Mais revenons en janvier 2011. Instagram avait quelques mois. Elle avait une application à succès et un serveur qui plantait souvent, mais pas de revenus, une petite équipe, et un avenir qui était tout sauf garanti dans un marché où les applications photo apparaissaient et disparaissaient chaque semaine. Dans ce contexte, 100 000 $ en espèces pour un domaine — quand on avait déjà une adresse fonctionnelle sur instagr.am — était une vraie décision d'allocation, pas une décision évidente.
Et la transaction elle-même n'était pas propre. Les reportages sur un procès Facebook ultérieur ont révélé que le vendeur était un ressortissant chinois ; l'achat a été traité par Sedo, selon une copie de l'accord soumise comme preuve. Des années plus tard, la transaction a pris une tournure juridique : comme l'indique un récit, la mère et les sœurs de Murong la poursuivent ainsi qu'Instagram en Chine, affirmant qu'elle n'avait pas l'autorité pour vendre le domaine. Instagram avait acheté son propre nom — et s'est quand même retrouvée à plaider en justice pour savoir qui possédait vraiment quoi.
C'est la vérité peu reluisante derrière presque toutes les histoires de domaine premium : l'appel stratégique (« nous devons posséder Instagram.com ») est la partie facile.
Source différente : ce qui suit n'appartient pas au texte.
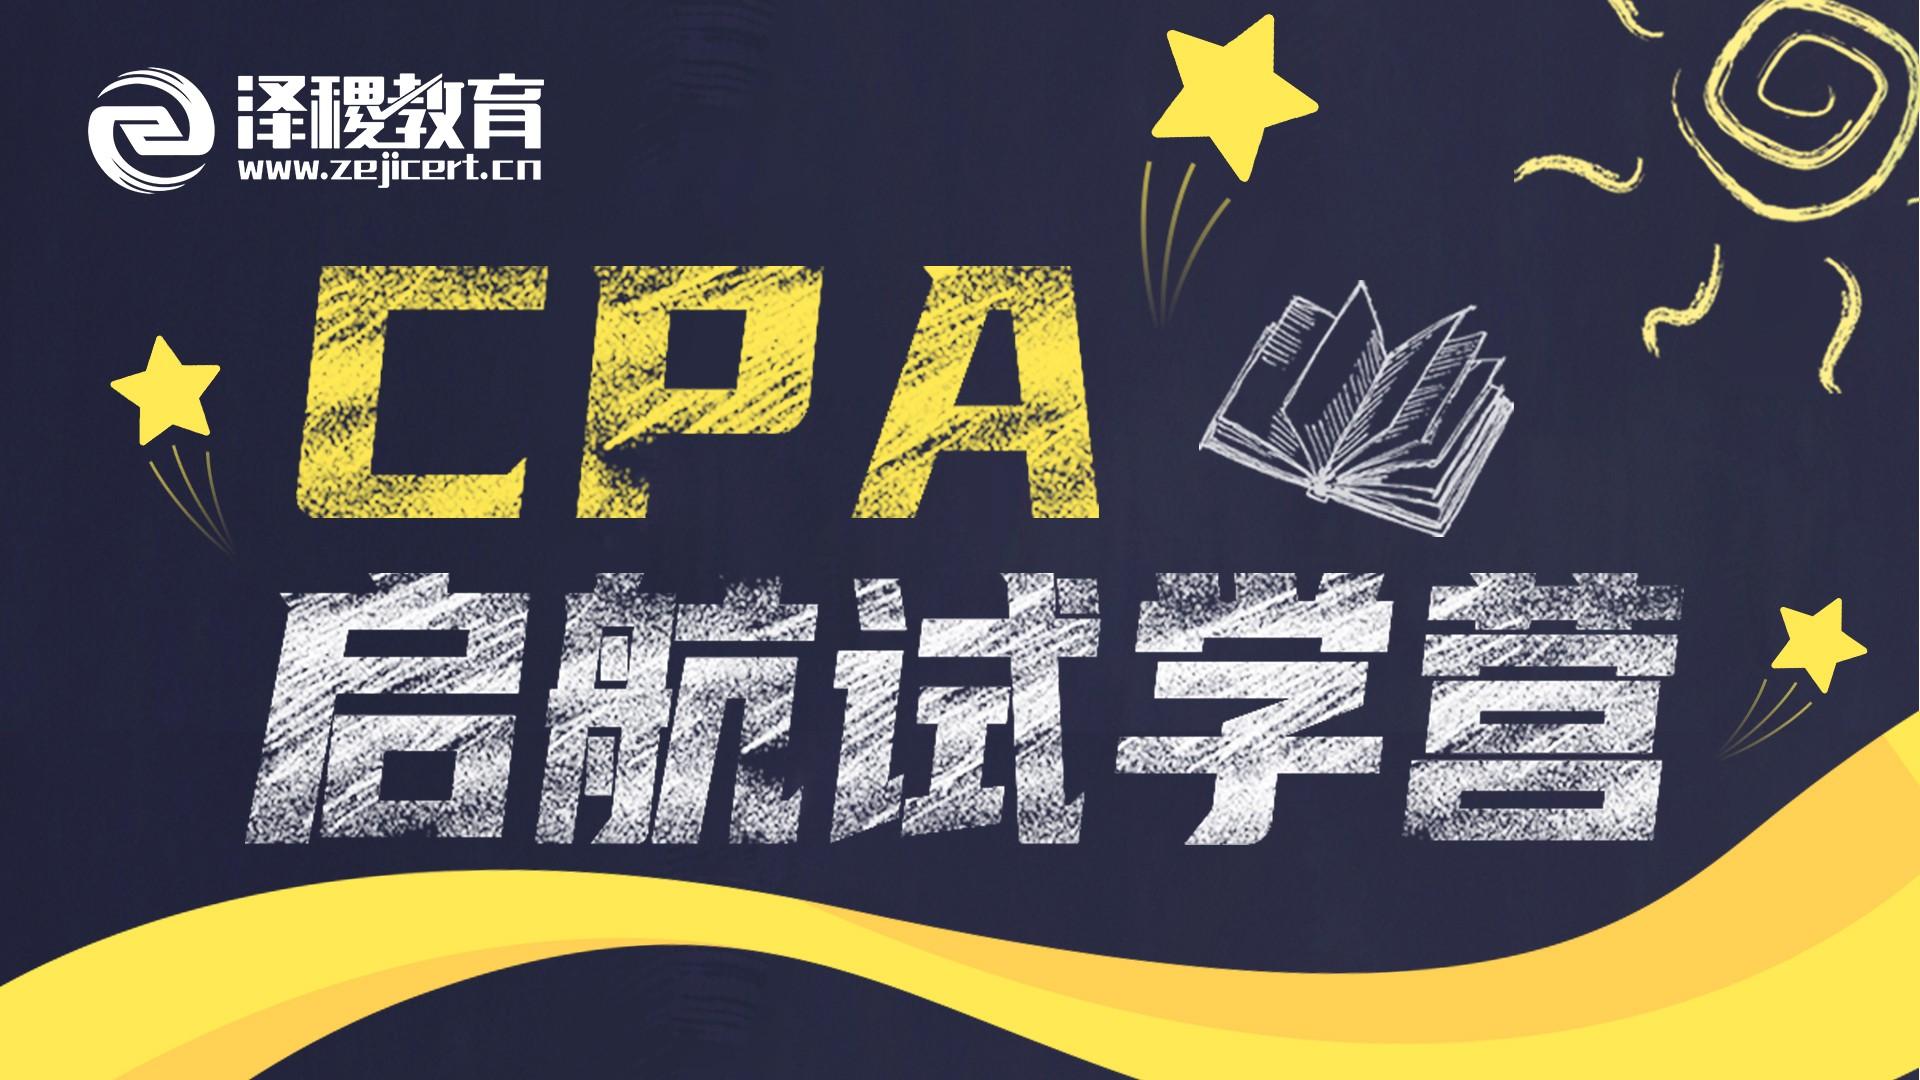 CPA启航试学营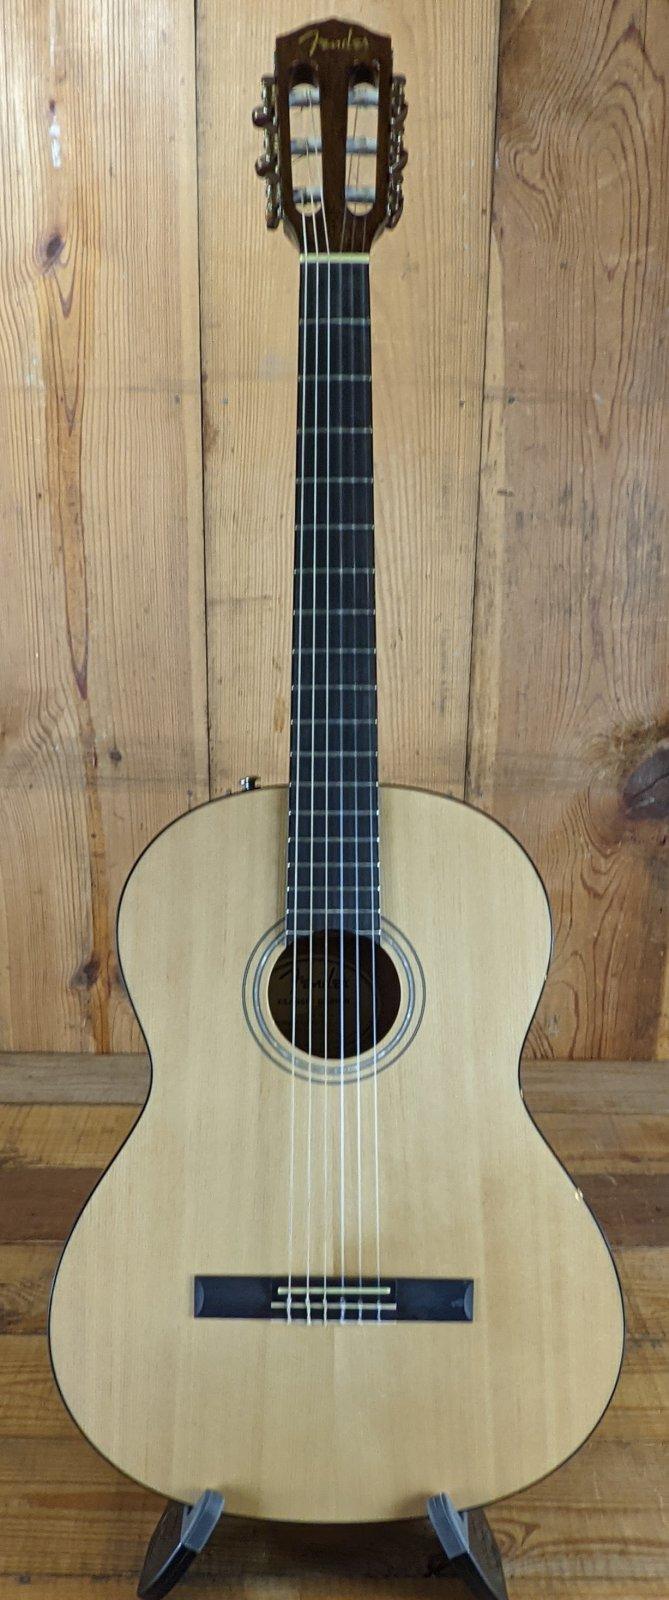 Fender CN-60S nylon string

Prouver la propriété propre et transférer l'actif en toute sécurité est la partie difficile.
Pourquoi le passage à Instagram.com était important

L'écart entre instagr.am et Instagram.com est un point et deux lettres. Stratégiquement, c'est la différence entre louer son nom et le posséder.
instagr.am est un invité ingénieux dans l'espace de noms de l'Arménie — exact, mais emprunté, facile à mal taper, et perpétuellement en concurrence avec le .com que les gens tapent par réflexe. Instagram.com est la destination par défaut, l'adresse qui n'a pas besoin d'explication, celle qui capte plutôt qu'elle ne perd le trafic de sa propre marque.
| Avant | Après |
|---|---|
| instagr.am | Instagram.com |
Emprunte le code de pays .am de l'Arménie | Possède le .com mondial par défaut |
| Politiques fixées par un registre étranger | Contrôlé par la société elle-même |
| Se lit comme une possible faute de frappe | Se lit comme la marque canonique |
| Perd le trafic vers celui qui possède instagram.com | Capte le trafic que les utilisateurs tapent par réflexe |
| Une porte d'entrée ingénieuse | Un domicile permanent |
C'est le même schéma qui se répète à travers les mises à niveau de domaine : les premiers noms (et les premiers hacks) expliquent et improvisent ; les grands domaines possèdent. Le hack était la rampe d'accès parfaite pour une société qui avait besoin de paraître plus grande qu'elle n'était. Le .com était ce dont elle avait besoin une fois qu'elle était réellement devenue plus grande que le hack.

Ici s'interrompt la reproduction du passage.